# PROVIDED ENTRIES
=======

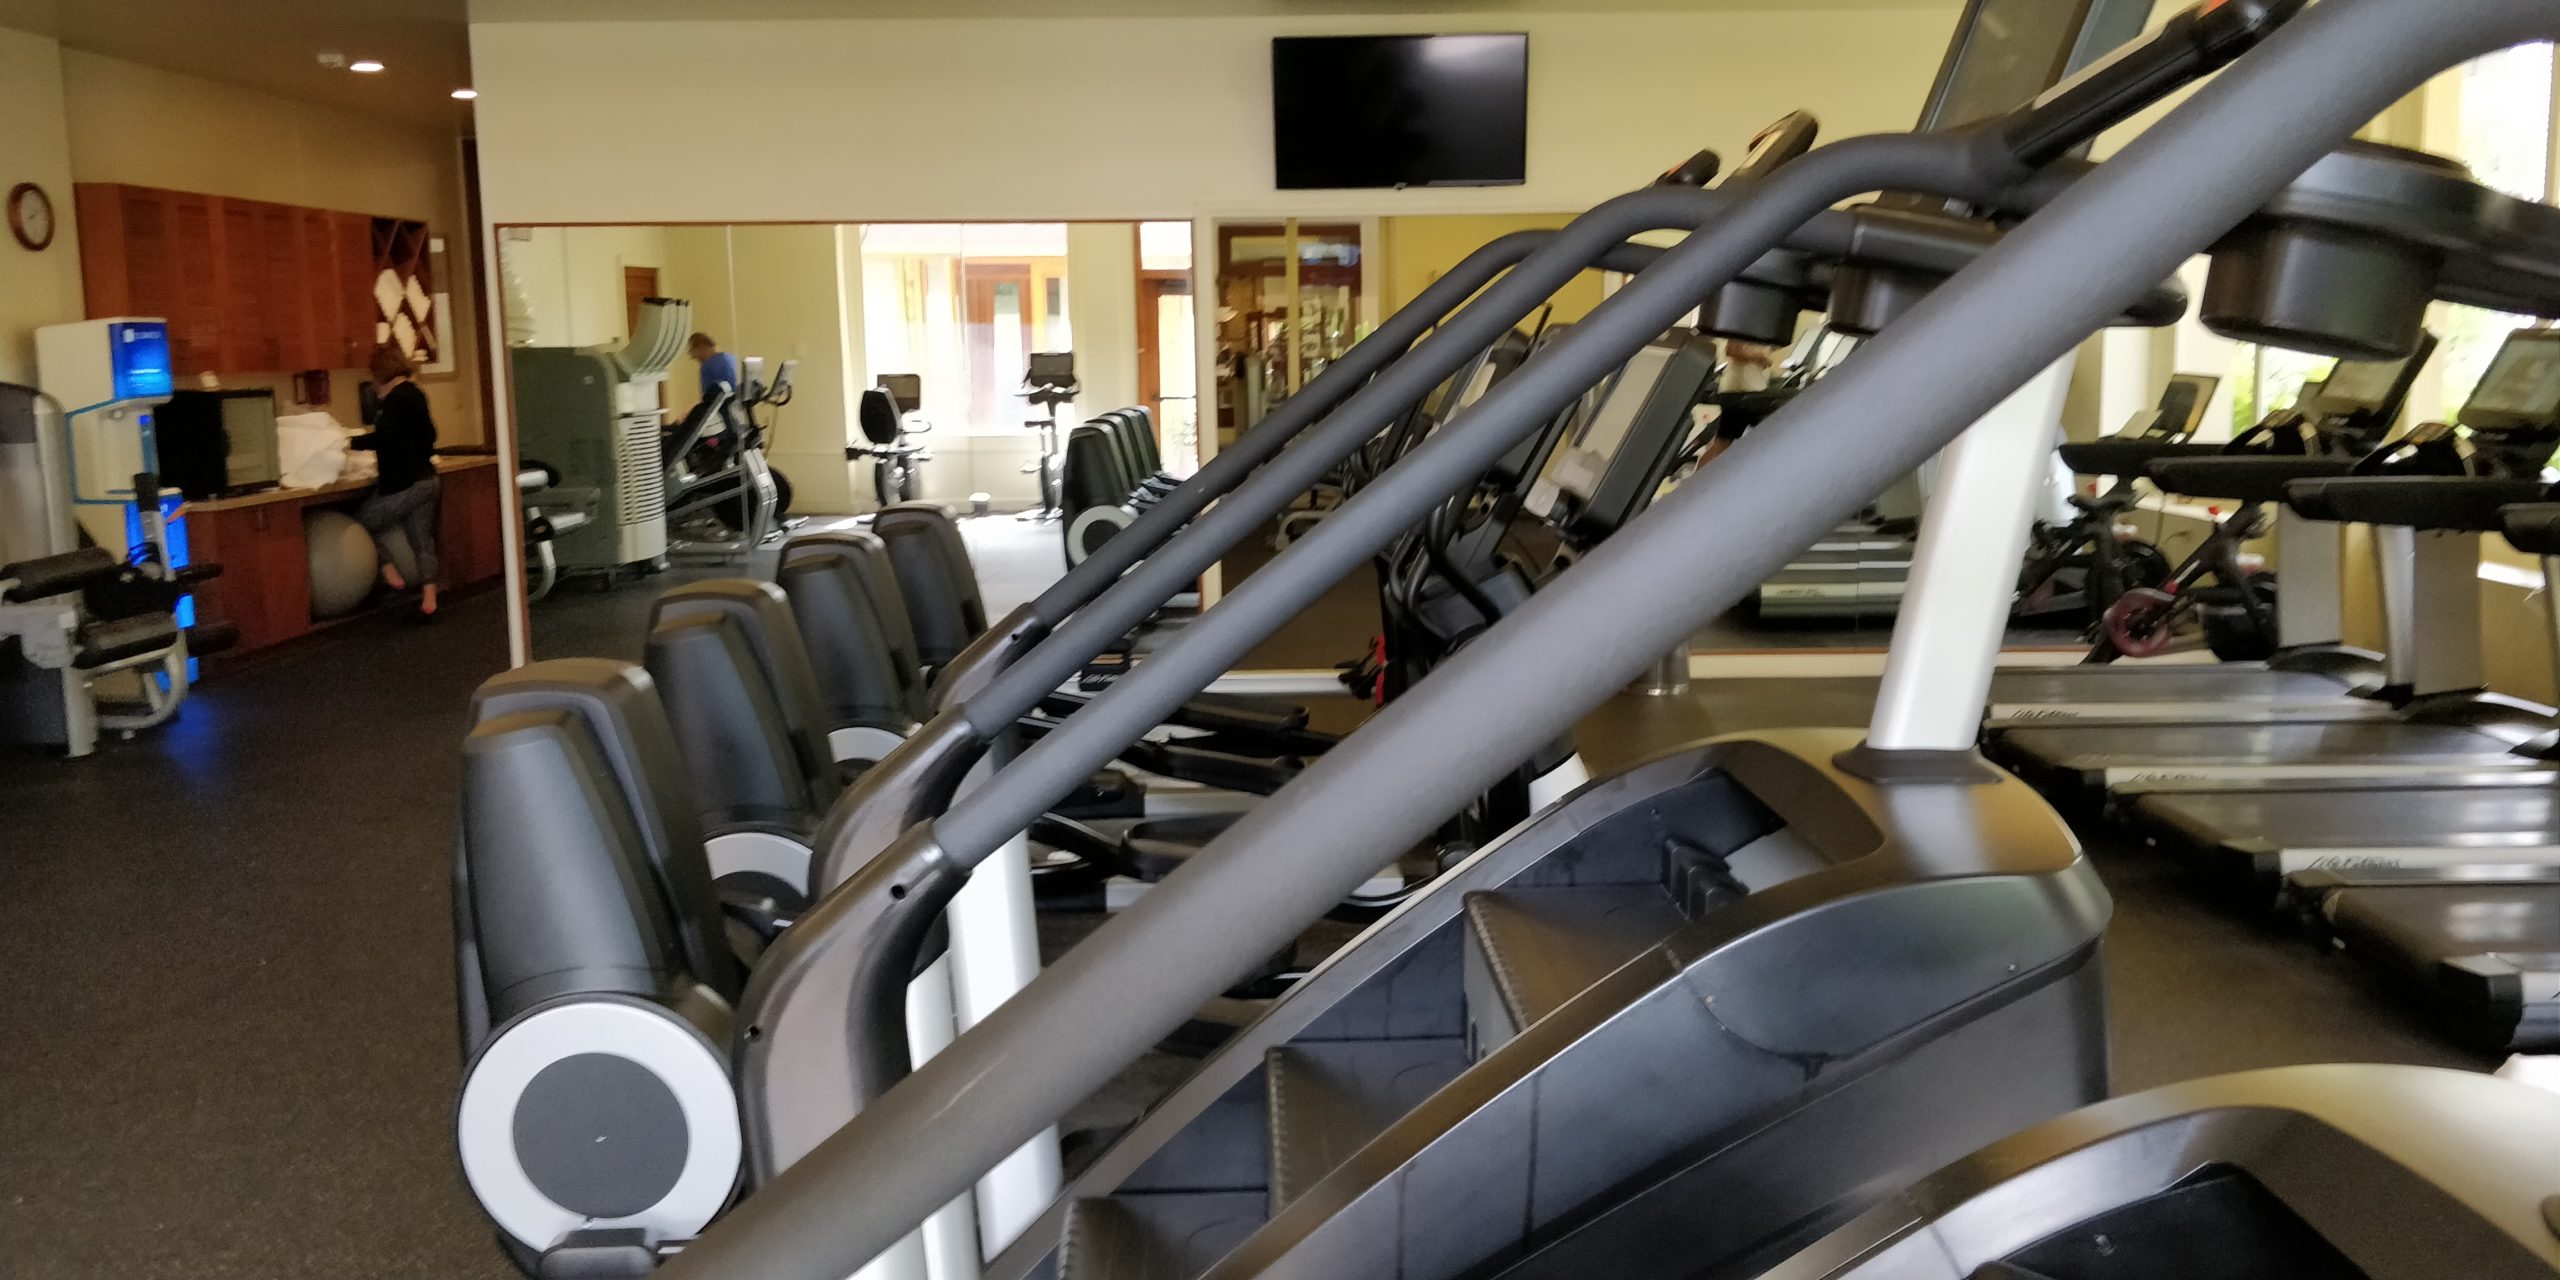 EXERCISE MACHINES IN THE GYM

=======

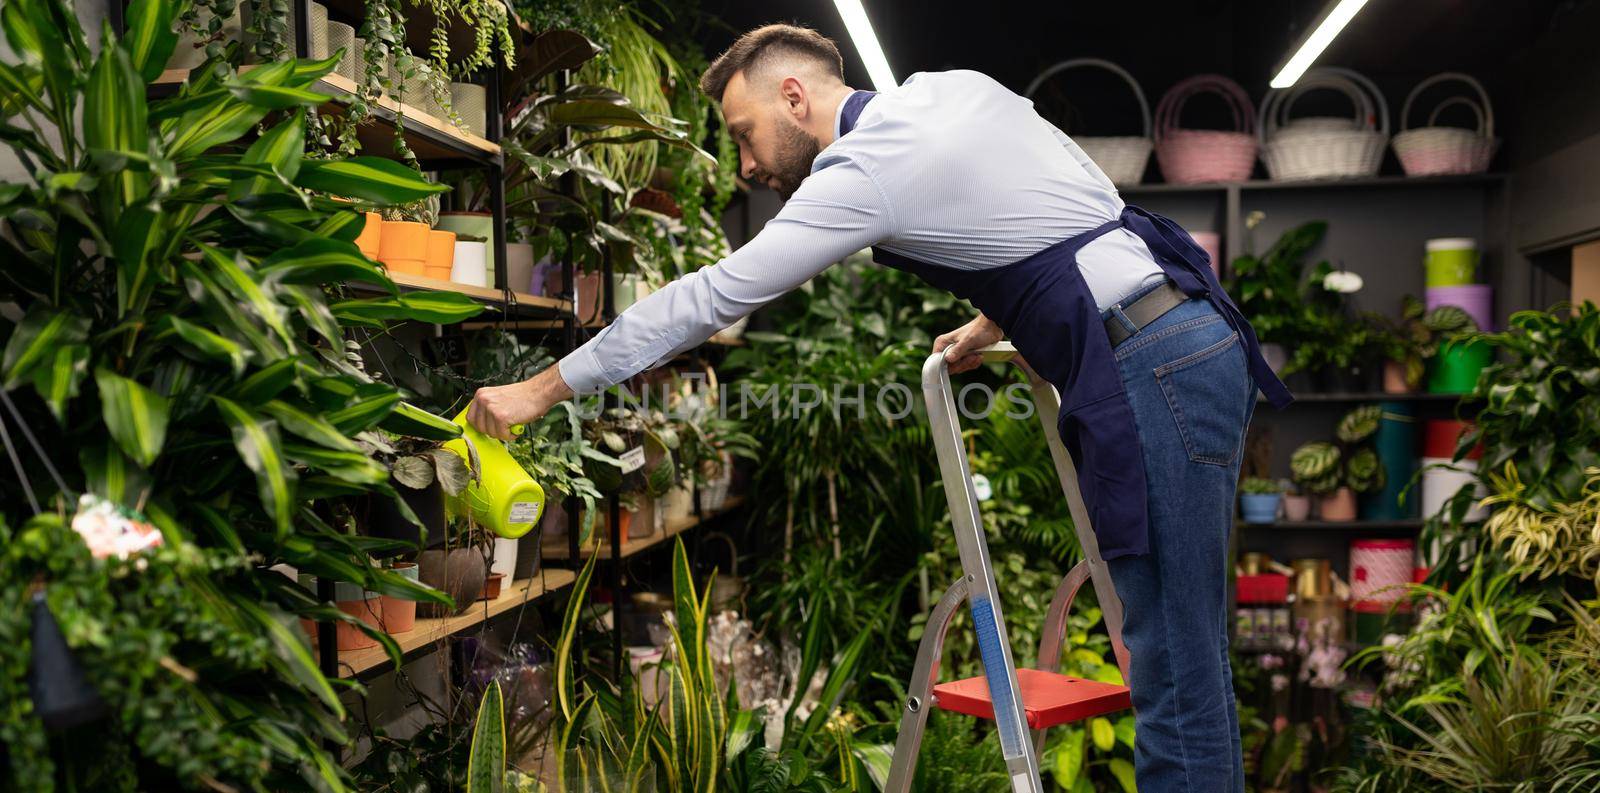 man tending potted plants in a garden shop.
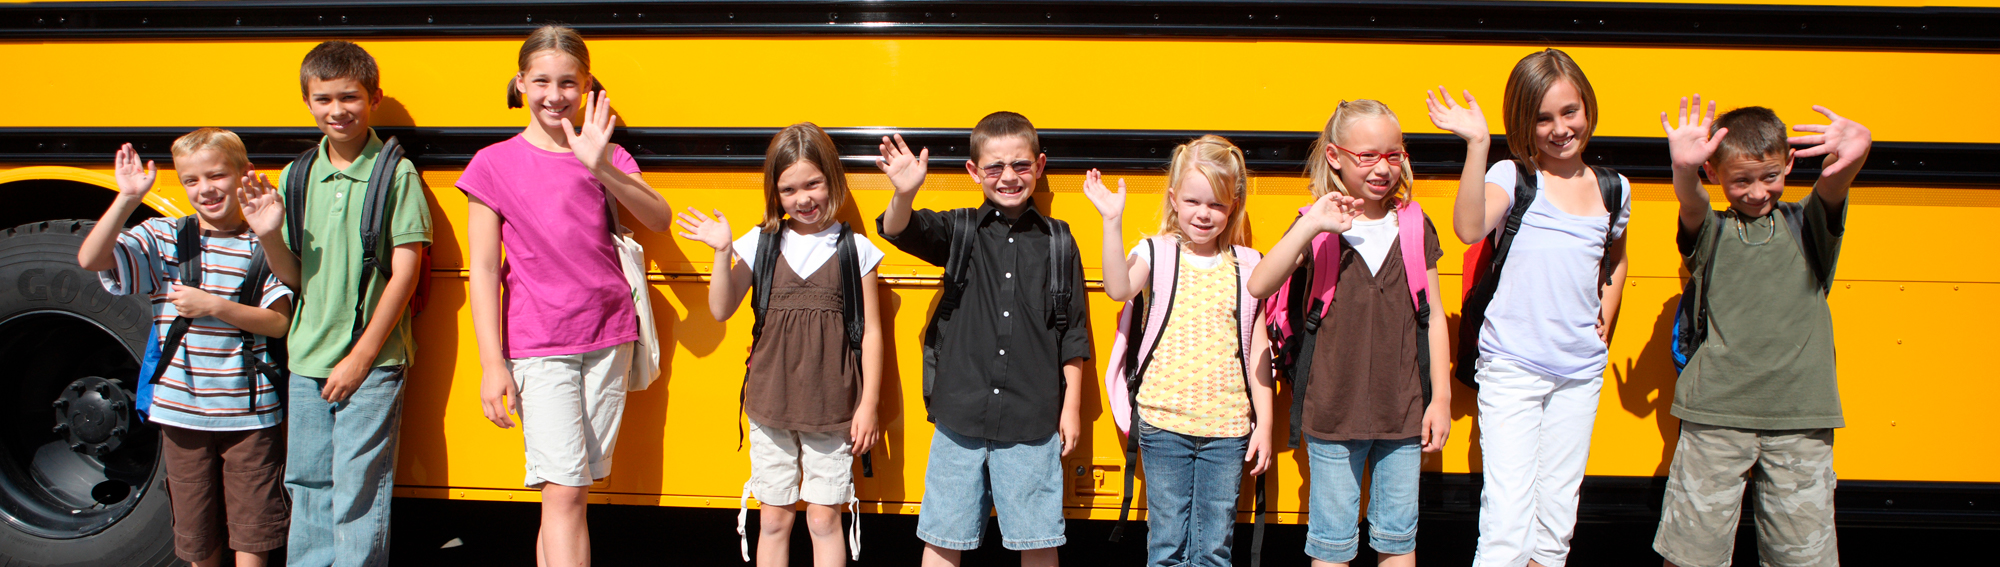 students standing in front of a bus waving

=======

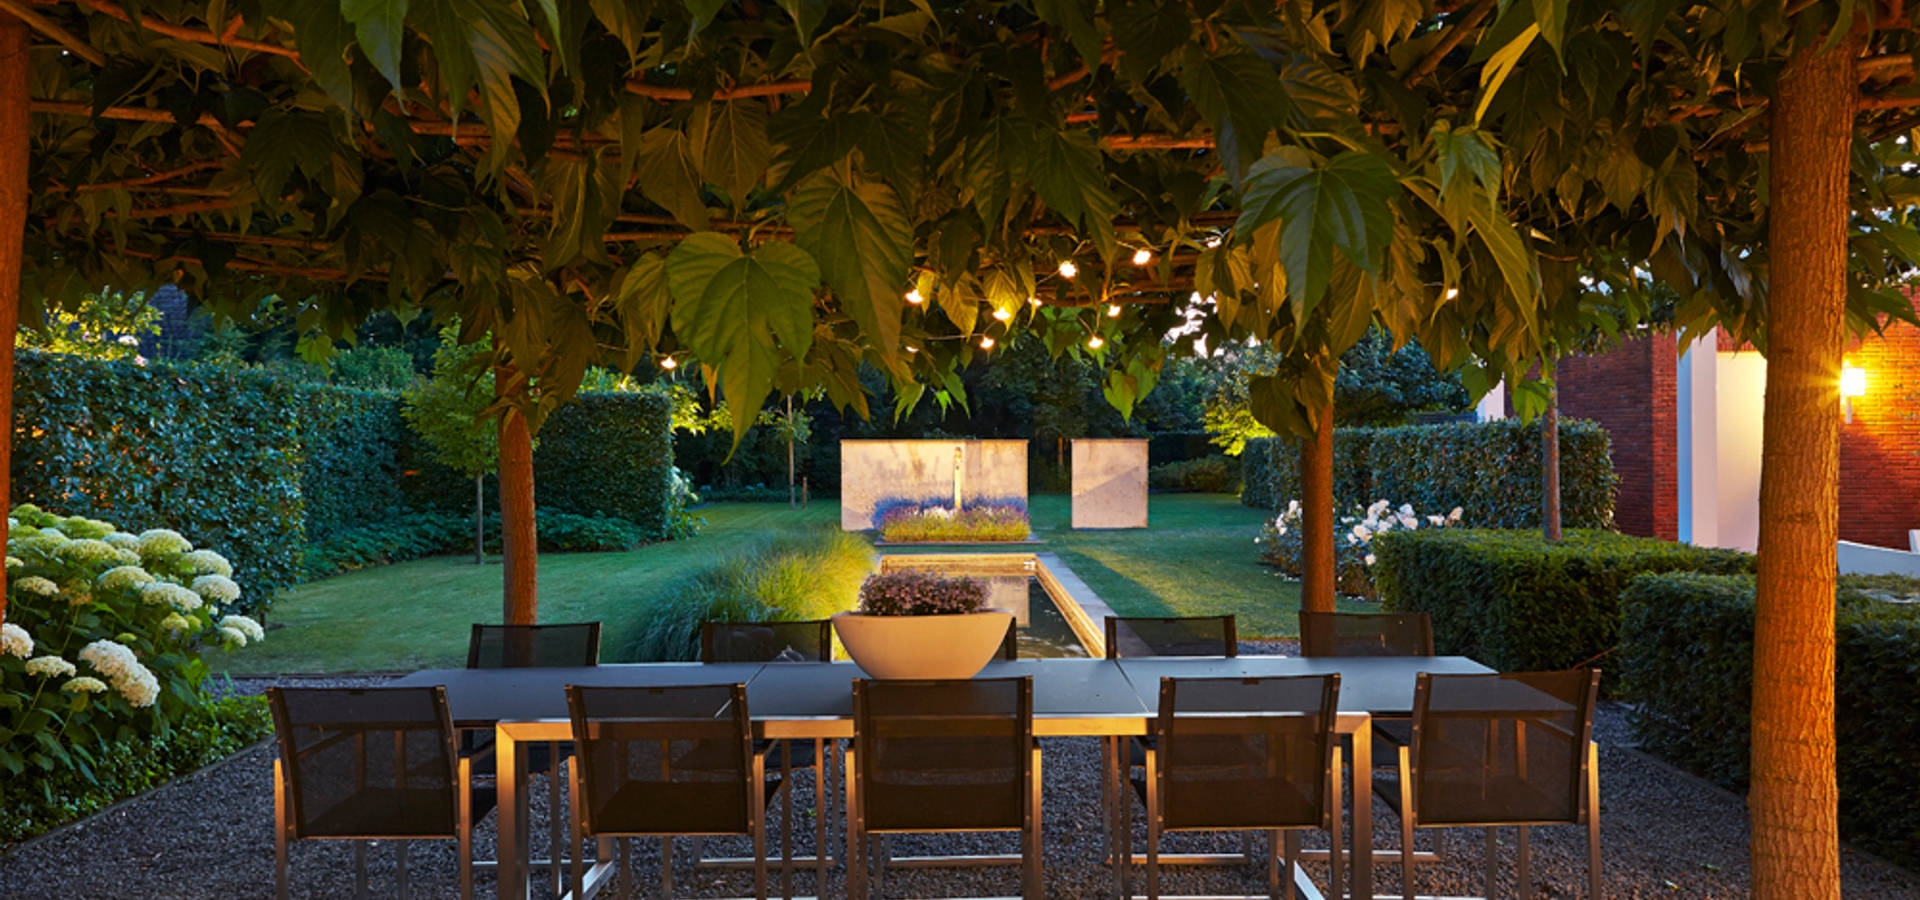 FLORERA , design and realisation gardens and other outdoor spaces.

=======

# EXERCISE GOAL
The answer is the lines of the material above, from the one containing "man tending potted plants in a garden shop." down to the one containing "students standing in front of a bus waving", given exactly and without images.

# FINAL ANSWER
 man tending potted plants in a garden shop.
 students standing in front of a bus waving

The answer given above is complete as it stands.